The disparate findings among epidemiological studies may also be explained by variations in sensitivity and accuracy of assessments used to determine the degree of cognitive function in individuals, or by difficulties in accurately assessing B12 status. Typically, B12 status is assessed using a single measurement of total plasma OT serum B12. However, the use of only 1 measure to establish a deficient or suboptimal state allows for potential misclassification. Other assays used in conjunction with total B12, such as methylmalonic acid, homocysteine, and holoTC, may allow for better discrimination of B12 status than total B12 alone (11, 14, 36, 37), but inherent limitations in these assays may still lead to misclassification of B12 status. It remains to be seen if various combinations of metabolic assays, using consistent cutoff values, will further improve the ability to detect an association between B12 status and cognitive function in epidemiological studies.

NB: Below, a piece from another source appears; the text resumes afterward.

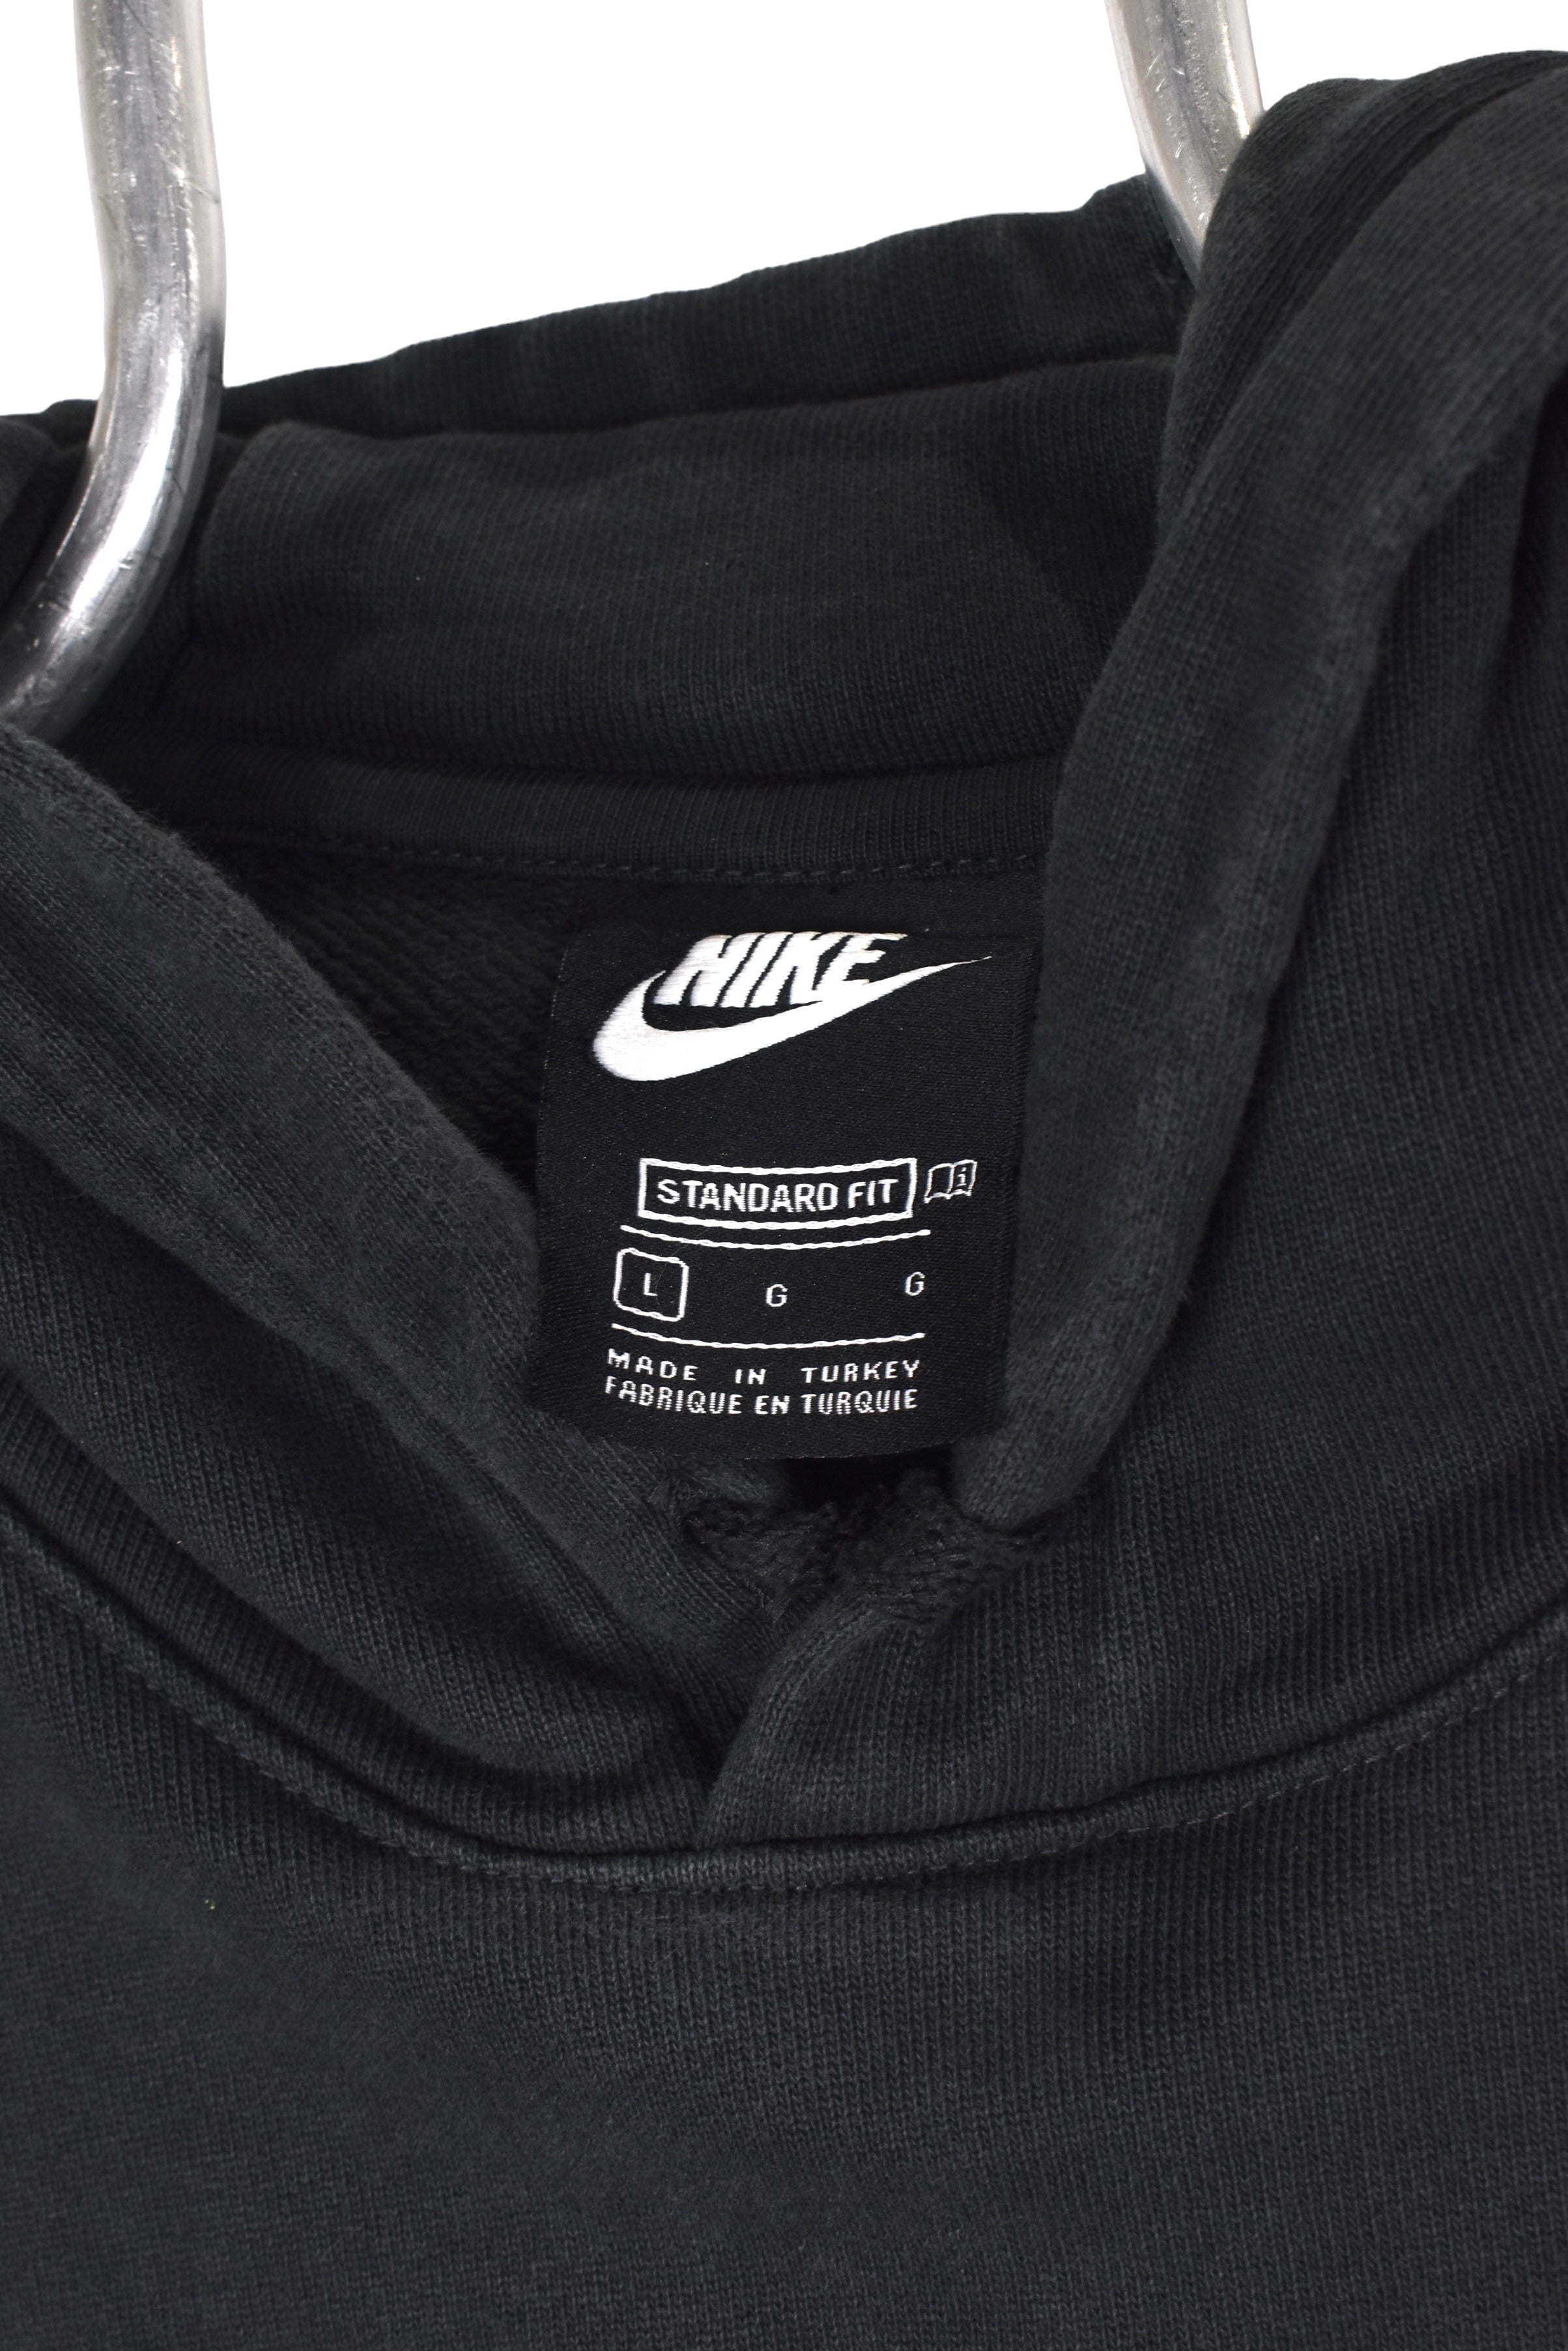 Vintage Nike hoodie, black embroidered sweatshirt - Large

In this study, we have introduced the concept of combining holoTC and total B12 measurements in a ratio. We propose that this ratio may provide a better reflection of cellular delivery and tissue B12 status, at least for the brain, than any of the current measures used, including holoTC and total B12 alone. The use of holoTC in a ratio to assess B12 status has been reported, but usually in the context of the percentage of total TC that has bound B12 or percent TC saturation (a calculated value that is distinct from the holoTC/ B12 ratio). Percent TC saturation, in combination with holoTC, has been suggested as a better measure of change in B12 status than holoTC alone (W, Ð, 38). Whereas this information may be useful in diagnosing malabsorption, holoTC/B12 may better reflect the availability of circulating B12 to tissues, and therefore intracellular B12 status. The use of TC saturation as a measure of B12 status may be analogous to what has been reported for circulating iron in which the ratio of serum iron to total iron binding capacity (transferrin saturation) provides informative evidence of tissue iron supply (39). However, because there are 2 distinct plasma B12 transport proteins, TC and haptocorrin, a measure of the distribution of total B12 between these proteins, i.e., the holoTC/B12 ratio, may better reflect the functional efficiency of B12 delivery to extrahepatic tissues than does TC saturation. Moreover, there is some evidence to suggest that plasma concentrations of TC (but not holoTC) rise as an acute phase reactant in association with infection or inflammatory disease (40). The usefulness of TC saturation might therefore be compromised in individuals with inflammatory conditions.